The figures are nearly finished. I have three more units of Foundry men-at-arms to paint (these will replace the units in Gonsalvo's command - currently they are represented by two units of WoR knights and a unit of archer cavalry). When these figures are finished I will have to do 5 cavalry standards - mainly Italian; the 3/32 'flag pole' tubing has been ordered!

Other jobs, still pending, are to finish the two buildings and make a 12" section of earthworks ( I'll probably make several sections with the gabions purchased at Vapnartak) and match it to the existing ones. I also have to lighten the shade of the baize cloth with yellow and caramel spray paint. Yellow is the prime colour for this; two more cans of yellow paint have been ordered!

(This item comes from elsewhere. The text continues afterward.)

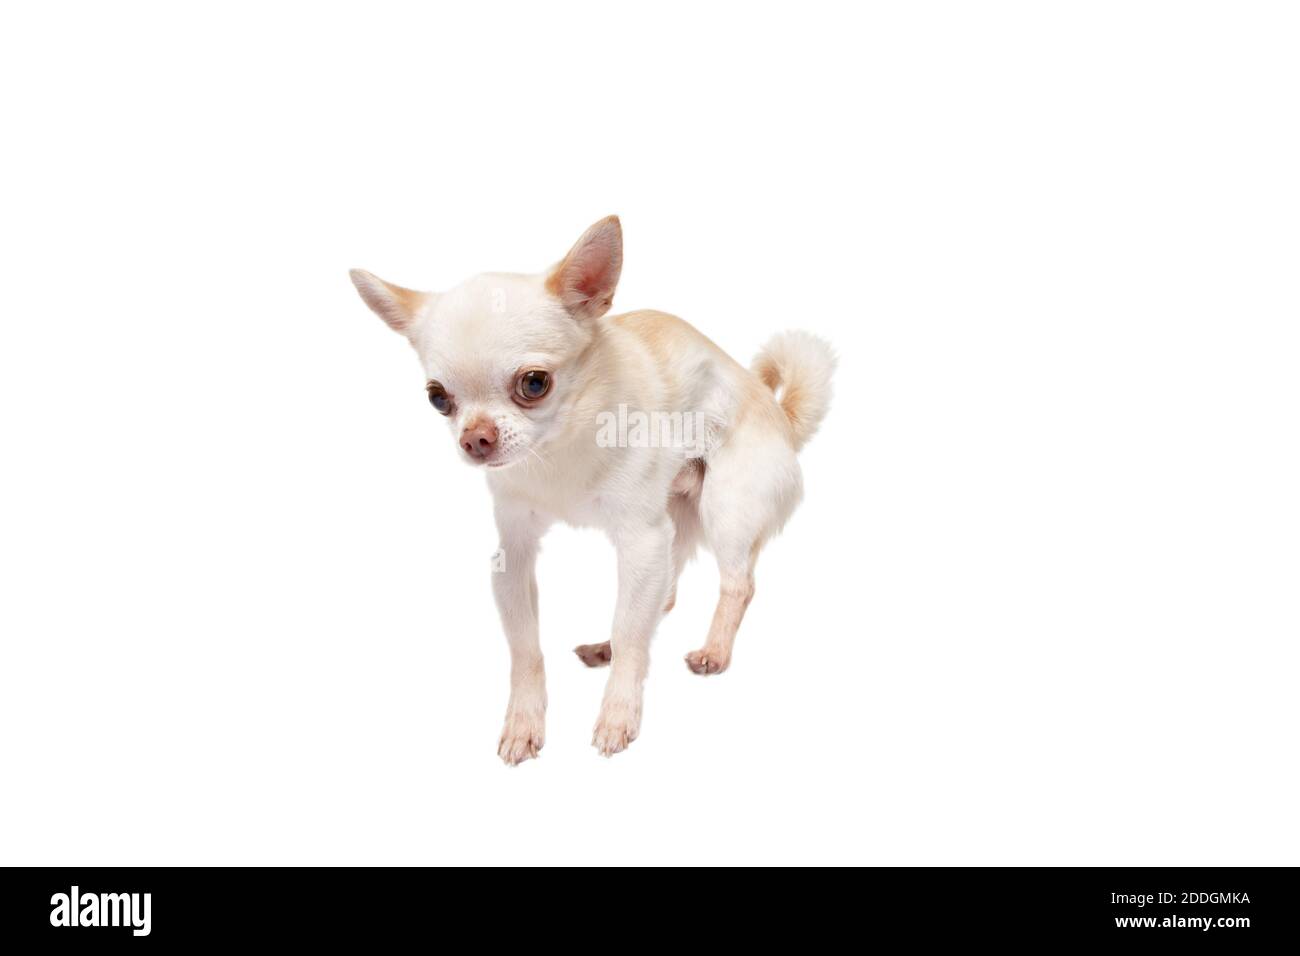 Chihuahua compagno cane salto. Carino giocoso doggy bianco crema o animale domestico che gioca isolato su sfondo bianco studio. Concetto di movimento, azione, movimento, amore animali domestici. Sembra felice, felice, divertente. Foto Stock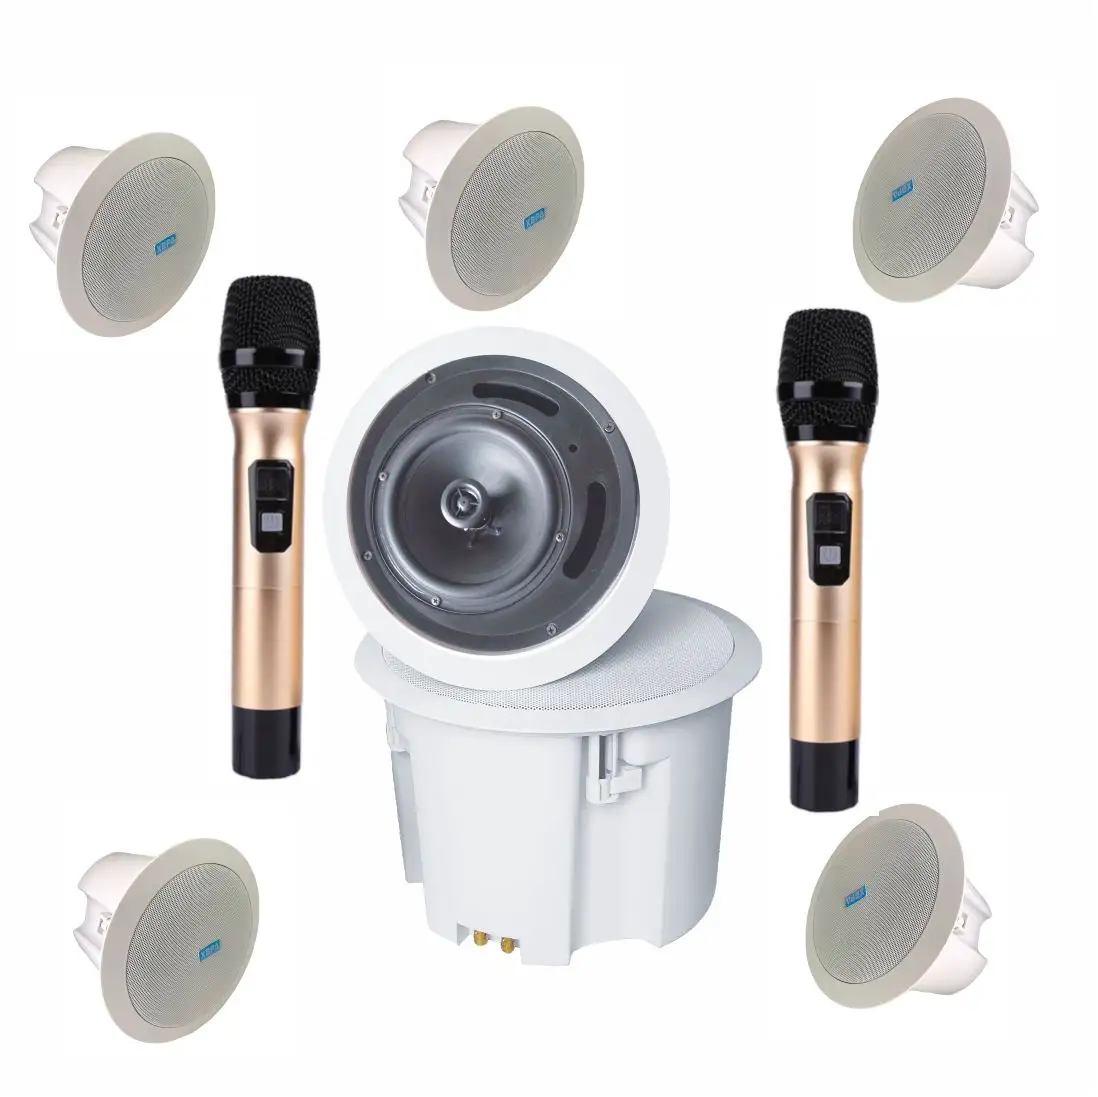 5.1/7.1 karaoke hoparlörü ev sinema sistemi destekler mobil uygulama kontrol

The main change to the scenario is that D'Alegre, commanding the French rearguard, will start off-table, kinda. Initially, I thought of having him arrive on the second or third turn in a typical 'wargame scenario' way. Then, thinking about the variable move distances in Hell Broke Loose, I decided to have him visibly march to the battlefield; he must physically march across one end of the table before arriving. The white arrows on the deployment map show the exit and entrance points. I like this idea because it should build in more tension, and stuff will not just appear on the table from out of a box.

French Order of Battle
The French [blue] battle line; Louis d'Armagnac, Duke of Nemours, commanding [A].
Louis d'Ars [B]: 3 units of 8 gendarmes, 2 units of mounted crossbows.
Tambien Chandieu [C]: 1 unit of 180 Swiss pike.
Gespard de Coligny [D]: 6 units of 12 French crossbow, 2 units of 36 French pike.

Yves d'Alegre [E]: 4 units of 8 gendarmes, 4 units of 8 Stradiots, 4 batteries of 1 gun.

All in column and marching to the battlefield.

Spanish Order of Battle
The Spanish battle line: Gonsalvo de Cordoba [A] commanding.
Gonsalvo de Cordoba [A]: 3 units of 8 Spanish men-at-arms. (These are the troops that need replacing).

Fabricio Colonna [B]: 3 units of 8 Italian condottiere men-at-arms.
Diego de Paredes [C]: 2 units of 36 Spanish infantry in colonela, 2 units of 16 Italian arquebusier.
Fabricio Zamudio [D]: 1 unit of 90 Landsknecht pike, 1 unit of 12 Landsknecht arquebusier.
Pizarro de Paredes [E]: 2 units of 36 Spanish infantry in colonela, 2 units of 8 Spanish genitors, 1 unit of Italian mounted crossbow.
Pedro Navarro [F]: 2 batteries of 1 gun.